Через две недели трактирщик Шедивый пришел еще раз. Бахура ответил ему опять важно и надменно:
— Ну, мы посмотрим, что удастся сделать.
Примерно через неделю после этого визита Бахура шел по своим личным делам по Франтишковой набережной. У него было назначено там свидание с одной барышней, которая была очень довольна, что ее кавалер — господин из магистрата.
День был хоть куда — жаркий, солнечный. Бахура остановился у киоска с водами, выпил стакан малиновой воды и стакан лимонаду и зашагал дальше, полный радостного ожидания предстоящей встречи со своей девушкой.
Градчаны на горизонте, Петршин весь в зелени, цветущие каштаны на Стршелецком острове — все было прекрасно. Но посреди всей этой благодати у Бахуры вдруг заболел живот. Уходя из дома, он съел стакан йогурта — болгарской простокваши, малиновая вода и лимонад довершили неумолимый процесс в лабиринте кишечника практиканта.
Напротив Градчан, в садах на набережной, стоит домик. Маленький, но самый важный среди окружающих домов. («Часто пастушья хижинка может значить больше, чем лагерь, в котором сражался Жижка» — вот что я всегда припоминаю, проходя мимо этого домика.)
На нем две вывески. Со стороны набережной вы можете прочитать: «Для мужчин»; со стороны детской площадки в скверике на набережной — более интимное: «Для дам».
Как лев ворвался Бахура внутрь домика, как жаждущий араб в оазисе накидывается на источник, как призывная комиссия — на рекрутов.
— Первую или вторую?
— Вторую, — скромно, но поспешно ответил Бахура.
Старенькая уборщица посмотрела на него и сказала:
— А я вас, молодой человек, откуда-то знаю.

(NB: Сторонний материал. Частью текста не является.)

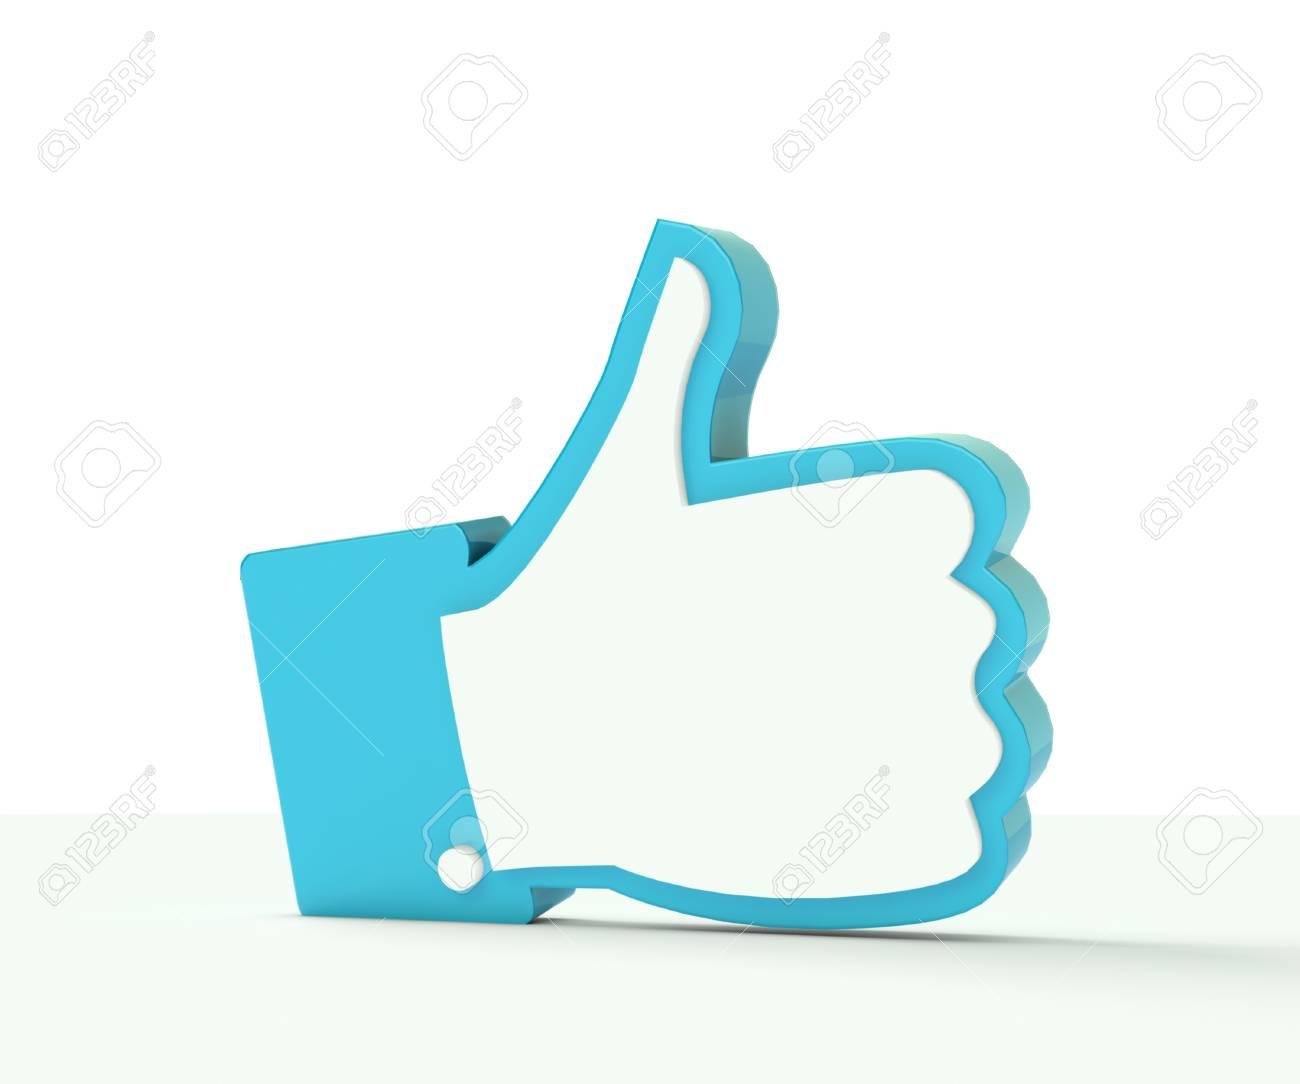 3D thumb up social media illustration photo Stock Photo - 20273035
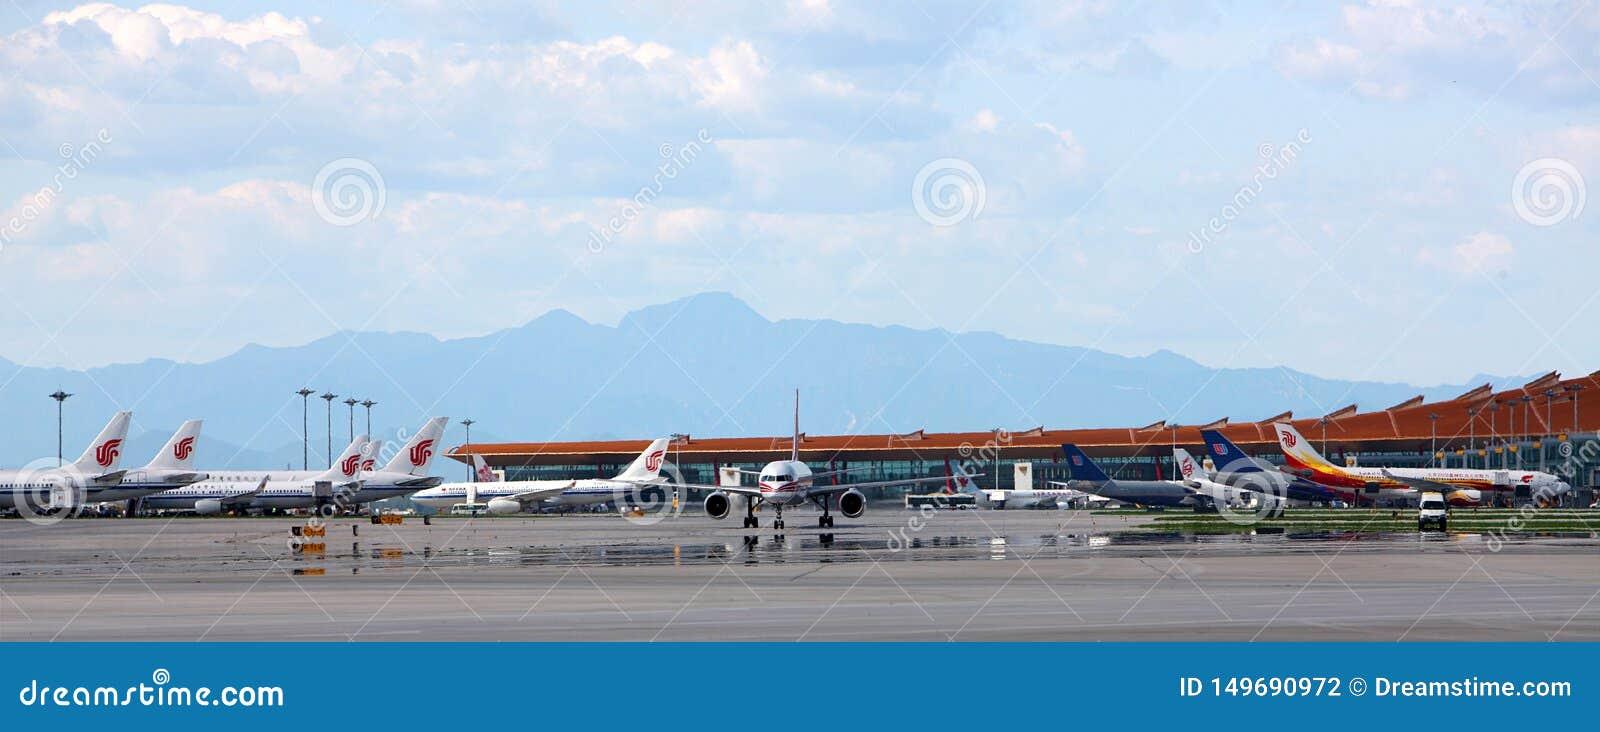 China Beijing Capital Airport

Она вырвала из книжечки билетик. Бахура достал кошелек и испуганно воскликнул:
— Это невозможно! Я думал, что у меня остался еще пятак!
Старушенция посмотрела на него еще раз и сказала с расстановкой, усиливая и без того безвыходное положение Бахуры:
— Знаете, где я вас видела? У своего брата Шедивого, трактирщика с Малой Страны. Я была дома, когда вы пришли к нам с этой комиссией насчет писсуара. Берите же талончик, ведь за вами-то не пропадет.
Бахура вскочил в маленькую кабинку, и когда, счастливый и веселый, выходил оттуда, бабка сказала ему вслед:
— И не забудьте, молодой человек, мой брат хочет поскорей получить ответ насчет своего нужника.
На другой же день Бахура, не спросясь своего начальства, отослал пану Шедивому прошение и планы, пролежавшие в магистрате после утверждения уже более месяца, и удовлетворенно перевел дух.
Каждое утро в девятом часу советник магистрата пан Станек делал остановку на Франтишковой набережной, в том зданьице, где практикант Бахура позволил гнусно подкупить себя. Пан советник останавливался здесь, чтобы поговорить с бабкой и получить от нее информацию о мнении общественности насчет городского хозяйства, потому что старушенция из общественной уборной была для него гласом народа. Таков уж был его конек.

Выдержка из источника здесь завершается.